We humans have solved problems as long as we have been a specie. In the beginning the problem solving were concentrated only on survival; find a safe place to sleep, find food safely, learn what food was not poisoned, learn what animals was dangerous, keep the warmth etc.

When our ancestors grew in number, they organised themselves in flat hierarchies; families, tribes, etc., in a way that suited our specie’s evolutionary prerequisites. By having tribes, other problems could be solved, that could not by a family, like protection to big dangerous animals like tigers, to overthrow big animals like mammoths, big walls around the setting for protection to other tribes, ambulating night guards etc.

With more people our ancestors need to structure the work properly, and use different teams to get the food, water, do the crops, collect nuts, berries, fishing, etc., by choosing the right members to the teams from the different families, for survival of the collective. Somewhere on our path, we somewhere also started to use guilds, for perfecting the different competences, the Body of Knowledge per discipline.

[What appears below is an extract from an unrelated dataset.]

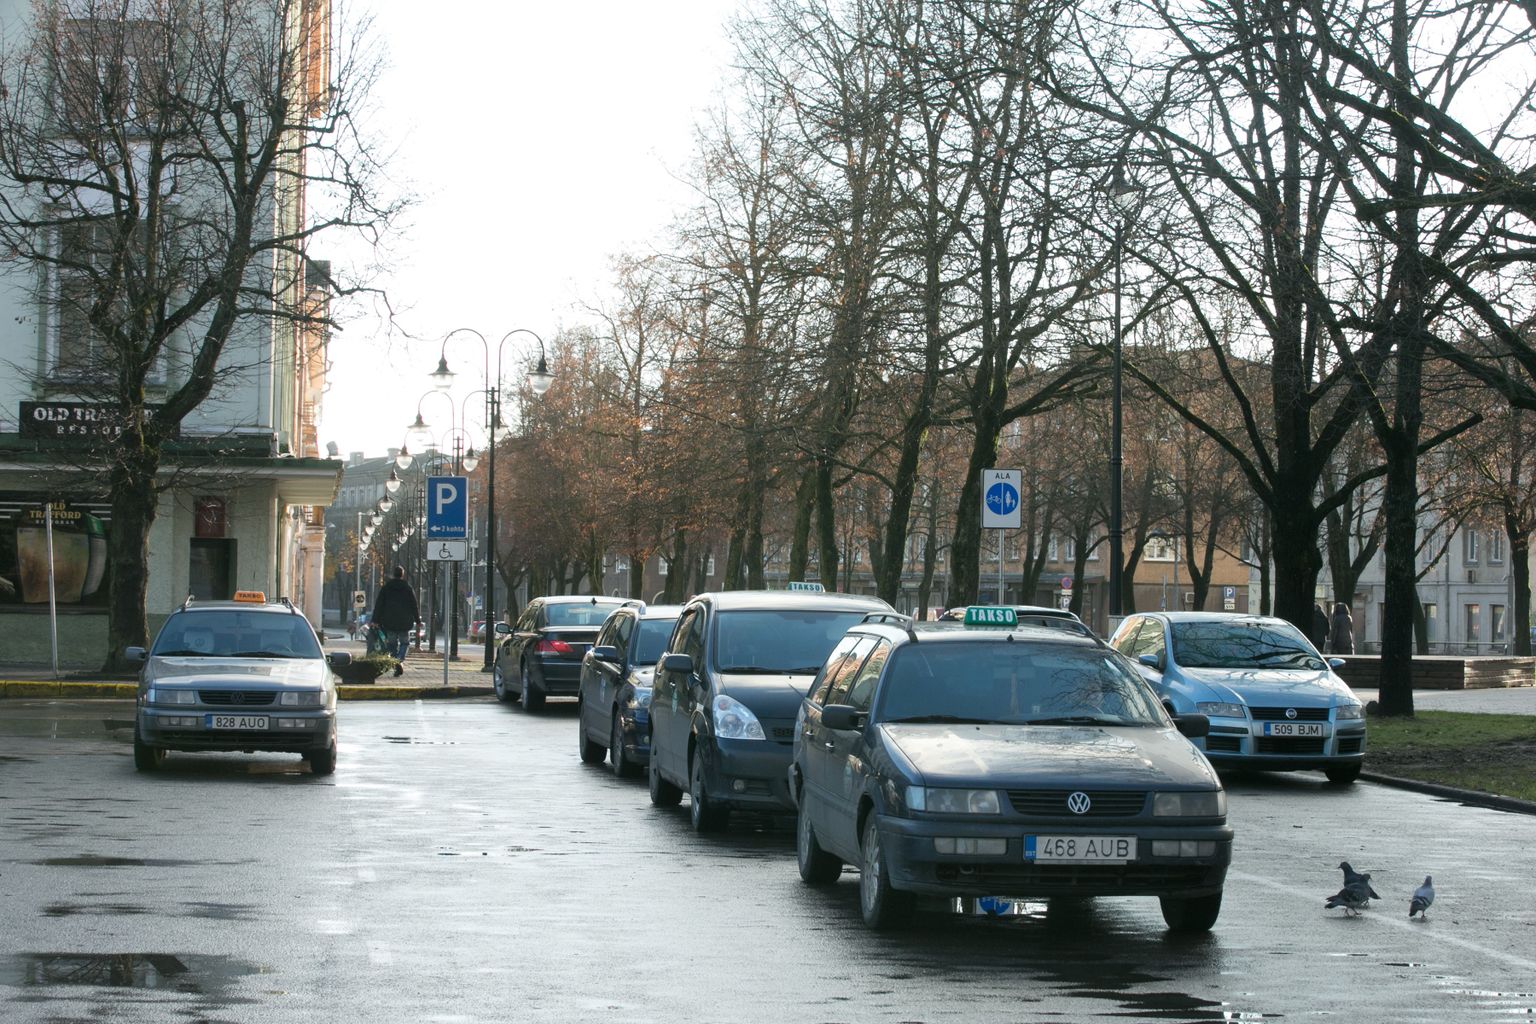 Narva taksojuhtidel kaob vähimgi huvi eesti keele õppimise vastu, kui riigikogu paranduse vastu võtab.

We also learnt how to structure houses and cities, which we call architecture. The introduction of architecture can be seen as more recent, even though it is also about structure, and lately we have started to make products, and the products need an architecture with subsystems as well.
Structure as hierarchies and architectures are our way to divide complex problems into ones we can handle more easily.

All together this means that if we look on our ability to solve problems, as a specie, our prerequisites have been unchanged for a very long time. There is very little difference. We maybe solve other problems, but our evolutionary ability is the same.

We introduced projects in the 1950s, due to the increased complexity of the products, which needed work done of all silos that was hard to coordinate with the silo structure. But the product also needed to have some responsible, since no silo ever have the full responsibility, and cannot per se, depending on for example the KPI setting per silo.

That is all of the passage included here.